- Leader: Cllr James Giles
- Founded: 16 February 2017; 9 years ago
- Headquarters: 53 South Park Grove, New Malden, KT3 5DA, United Kingdom
- Colours: Pink
- Kingston upon Thames London Borough Council: 2 / 48

Website
- kirg.org.uk

= Kingston Independent Residents Group =

The Kingston Independent Residents Group (KIRG) in Kingston, is a minor political party in the United Kingdom. Launched in 2017 by Mary Clark and James Giles, it formed from a number of residents' groups in the area of Kingston upon Thames in southwest London. At the time, the group claimed to be "proudly founded by those of all political persuasions and none". Sitting councillors Mary Clark and David Fraser defected from the Conservative Party prior to the 2018 election. The party promotes a local agenda that seeks to give residents, towns and parishes a greater say in the future of their town. Until May 2026 they had four seats on Kingston upon Thames London Borough Council, following defections, and formed the main opposition group. After the May elections, they again hold two seats.

The party was first led by Mary Clark, with Helen Hinton as her deputy. Clark died in 2022. The current leader is James Giles, who served as George Galloway's campaign chief for the 2021 Batley and Spen and 2024 Rochdale by-elections, was an advisor to the independent Members of Parliament Ayoub Khan, Shockat Adam, Adnan Hussain and Iqbal Mohamed frome July 2024 to January 2026.

==Electoral history==
Kingston Independent Residents Group fought their first local elections in May 2018, with 15 candidates standing for seats in the Kingston upon Thames London Borough Council. They did not win any seats.

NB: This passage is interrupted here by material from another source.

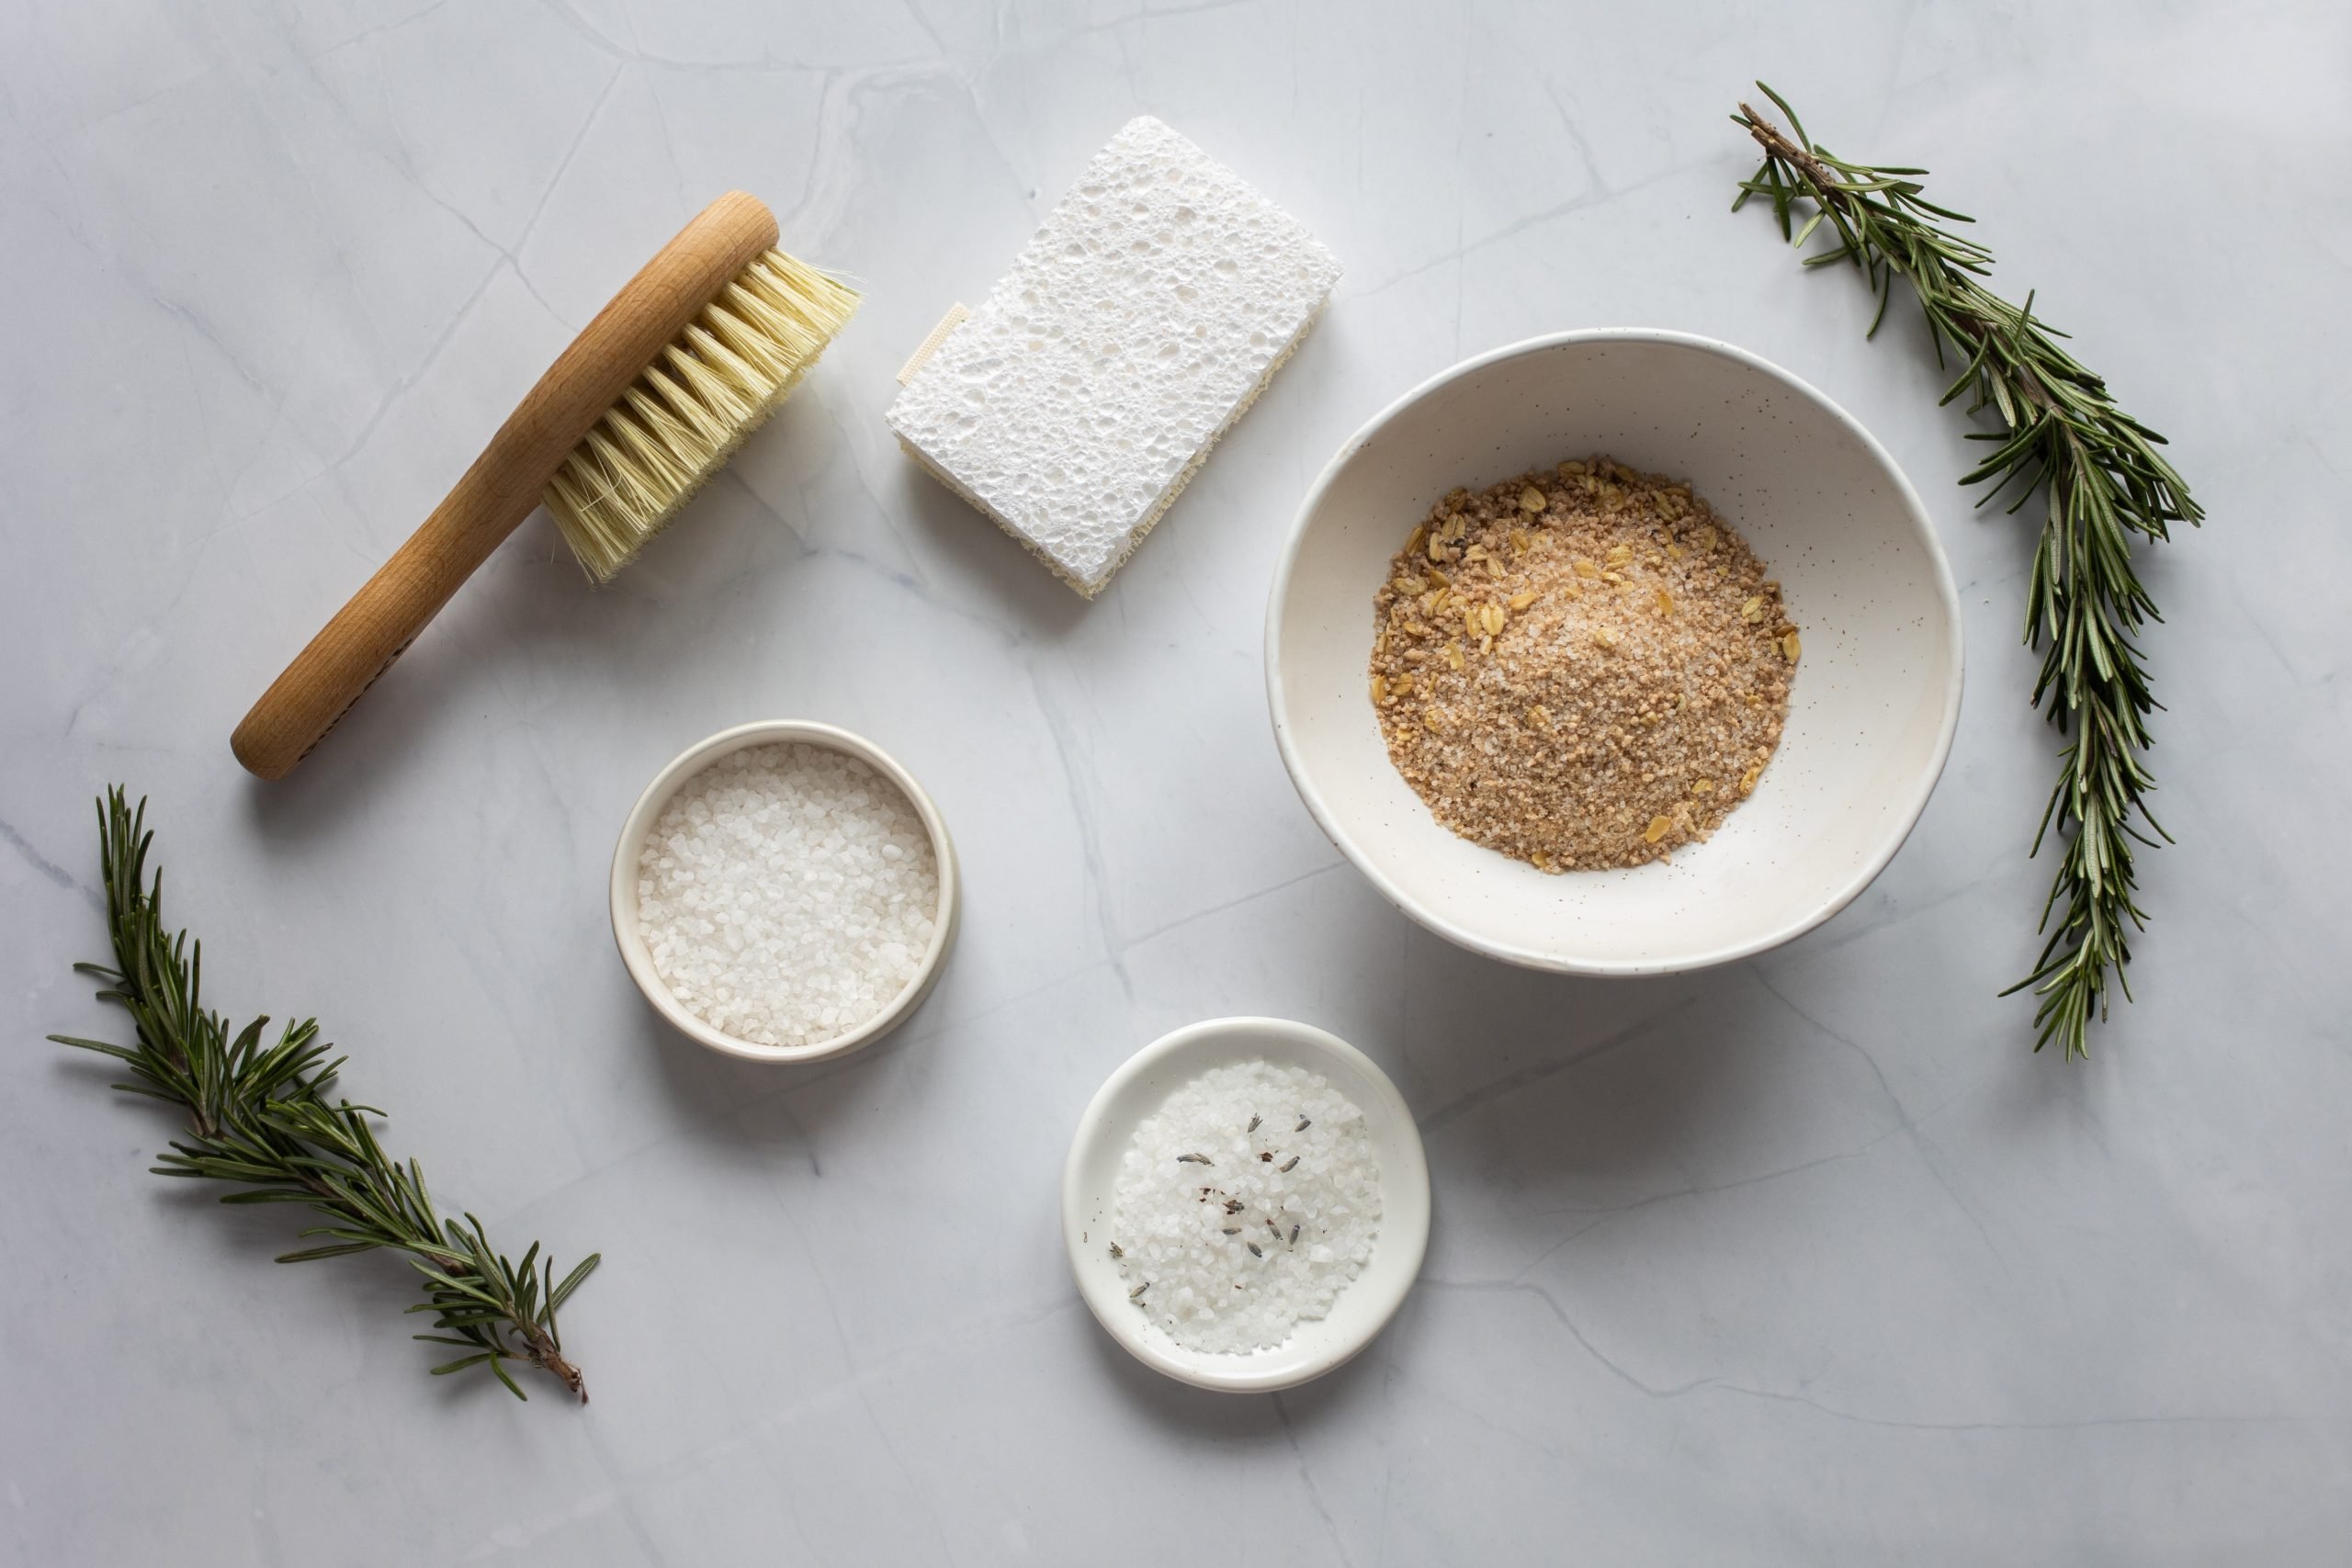 bucha e escova de banho com potes de sal e açúcar e ramos de alecrim espalhados em uma superfície branca

They fielded nineteen candidates in the 2022 Kingston upon Thames London Borough Council election, receiving 5% of the vote and winning a seat for James Giles in Green Lane and St James ward.

In the November 2022 Green Lane and St James by-election, Yvonne Tracey of the Kingston Independent Residents Group, Giles's grandmother and a life-long resident of New Malden, won the party's second seat on the Kingston Borough Council, gaining it a second seat of the Green Lane and St James ward from the Liberal Democrats. Following a campaign pledge, she gave her first year's councillor allowance of over £8,800 to charity.

In January 2024, KIRG councillor Yvonne Tracey announced her plan to contest the 2024 United Kingdom general election as a candidate in Kingston and Surbiton, challenging incumbent MP Ed Davey, Leader of the Liberal Democrats, in response to the ongoing Post Office scandal, for which Davey was the Under-Secretary for Postal Affairs between 2010–12. Tracey lost her deposit, coming sixth with 2.3% of the vote.

==Campaigns==
In October 2021, Giles led a fundraising effort by the New Malden residents against the council's failure to reject the proposed nine-storey building to replace a defunct department store in the town's high street. He also announced a petition to switch to direct mayoral elections in Kingston, following their implementation in Croydon.

In September 2023, KIRG councillors Tracey and Giles launched a petition and a direct appeal for Marks & Spencer to replace Wilko in New Malden High Street.